I have paired-end Illumina reads with barcode and primer sequence. Barcode and primer sequence are just in .txt file. The experiment was following: Primer was used for PCR and then they hanged the experiment tag (barcode) and the adapter. So, the read are following:
barcode_sequence-PCR_primer_sequence-fragment
I want to demultiplex the reads according to the barcode_sequence and then cut off the primer sequence. Till now I have tried following:
QIIME: split_libraries_fastq.py
I do not have the barcode read fastq files, I have only the sequences of barcode and primers. I contracted the mapping file:
#SampleID BarcodeSequence LinkerPrimerSequence Description
1 TCGCAGG AACCTGGTTGATCCTGCCAGT C4363F2_18.7.
2 CTCTGCA AACCTGGTTGATCCTGCCAGT C4363F2_19.7.
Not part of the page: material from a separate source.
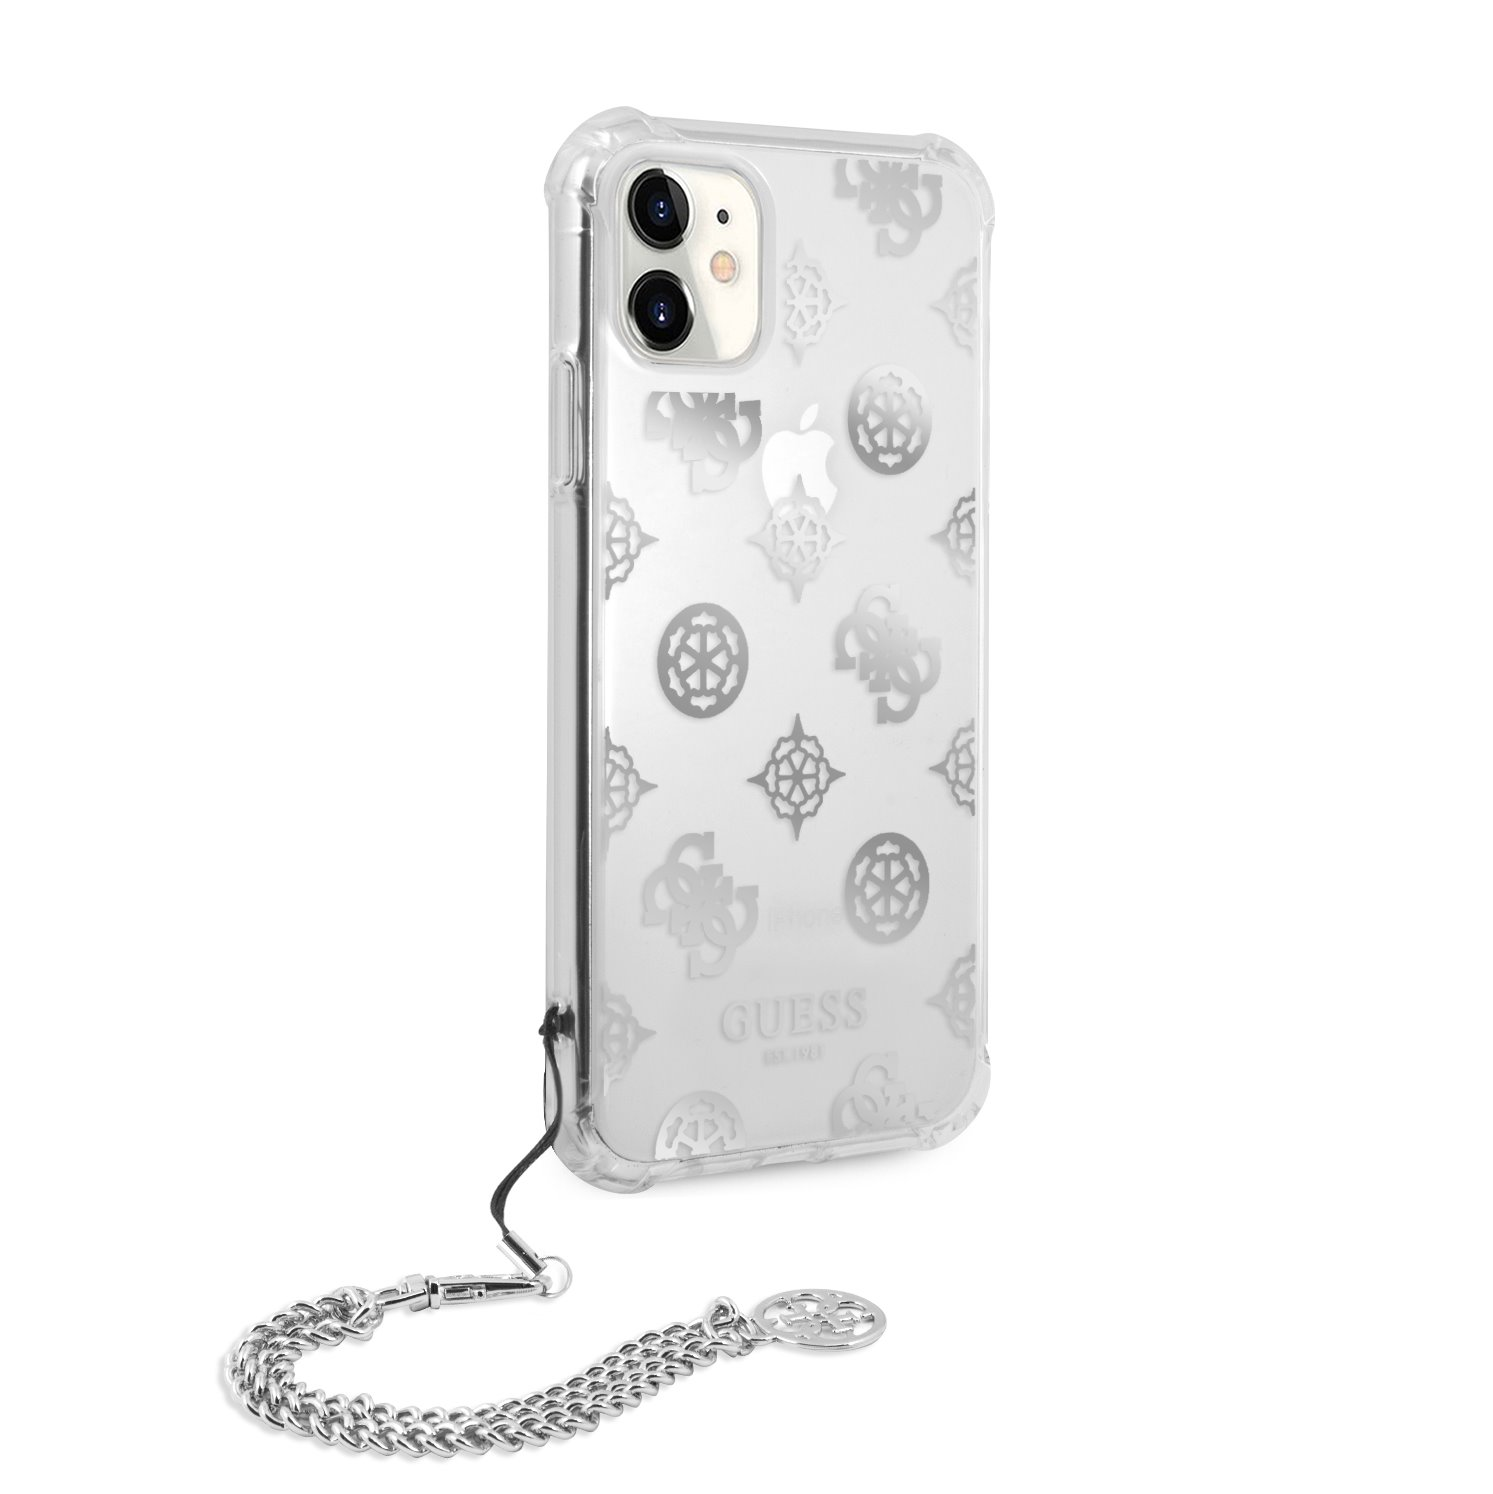 Zadní kryt GUHCN61KSPESI Guess PC Chain Peony pro iPhone 11, stříbrná

So, I need to define -barcode_type not-barcoded. It showed me an error that I need to specify --sample ids, as I had only one input fiel, I have only one sample id
split_libraries_fastq.py -m mapping.txt -i Pool1_18S.fastq -o demultiplexed_output/ --barcode_type not-barcoded --sample_ids 1
I get one seqs.fna file where all reads have attached following:
orig_bc=AAAAAAAAAAAA new_bc=AAAAAAAAAAAA bc_diffs=0
Stacks: process_radtags
process_radtags -p /fastq -I -b /mapping_radtags.txt --inline_inline -o /demultiplexed_output
However, it asks me to specify the restriction enzyme used. But I do not have this information.
So, what I need: I have several experiments identified by barcode. I need to demultiplex it. I cannot just search for the barcode in the sequence and say that this sequence belongs to the experiment. It can happen that there is a sequencing error in the barcode, so that I need to define a hamming (or any other) distance between the real barcode sequence and the sequence in the read. Which program can do this?
Not an answer but a small comment.
Ideally, you should not simply use hamming distance, you should use likelihood. If you have a mismatch with a qc score of 2 and a mismatch with a qc of 40, the former has a greater likelihood given a certain barcode than the latter. We published a paper about maximum-likelihood demultiplexing: https://grenaud.github.io/deML/
If you want to code a bit, you could modify it to incorporate barcode information into the likelihood computation then set a cutoff on the final likelihood for a sample. Furthermore, the likelihood of sample bleed-ins could be computed effortlessly.
If your sequencing primer is internal to the barcode, how would you have sequenced the barcode? Which sequencing protocol (on the sequencer) was used?
In addition, don't remove your previous question here, that's not good practice.
I was told that they used primer for PCR, then they hanged the barcodes and adapters and sequenced it. What I find my reads is that the barcode comes before the primer, so it corresponds exactly to what I was told.
PCR primer ≠ sequencing primer. The sequencing primer anneals to the adapter (unless a custom primer was used), so the structure of your library is:
yes, exactly, I corrected it
If your barcodes are at the very beginning of the reads then why are you having an issue demultiplexing? BBMap may be useful: A: Demultiplexing fastq files with dual barcodes There is also sabre.
After demultiplexing with BBMap, you can trim the PCR primer sequence from the reads with the same software:
I am having an issue because when the adapter was cut away, it could have happened that some first bases of the barcode were cut out as well
Then you are out of luck. You may have to go back and find the original dataset.
Cand I just search for the half of the barcode in the reads, for instance? It is my original dataset already.
If your barcodes were long enough to begin with then you could, otherwise you would not be able to discriminate, even if you found the remaining barcode fragment.
How long were the barcodes and how many were there? You could look to see if you can identify the PCR primer sequence in the data and get the remaining barcode to the left of that. This would likely need either some custom code and/or awk type solution.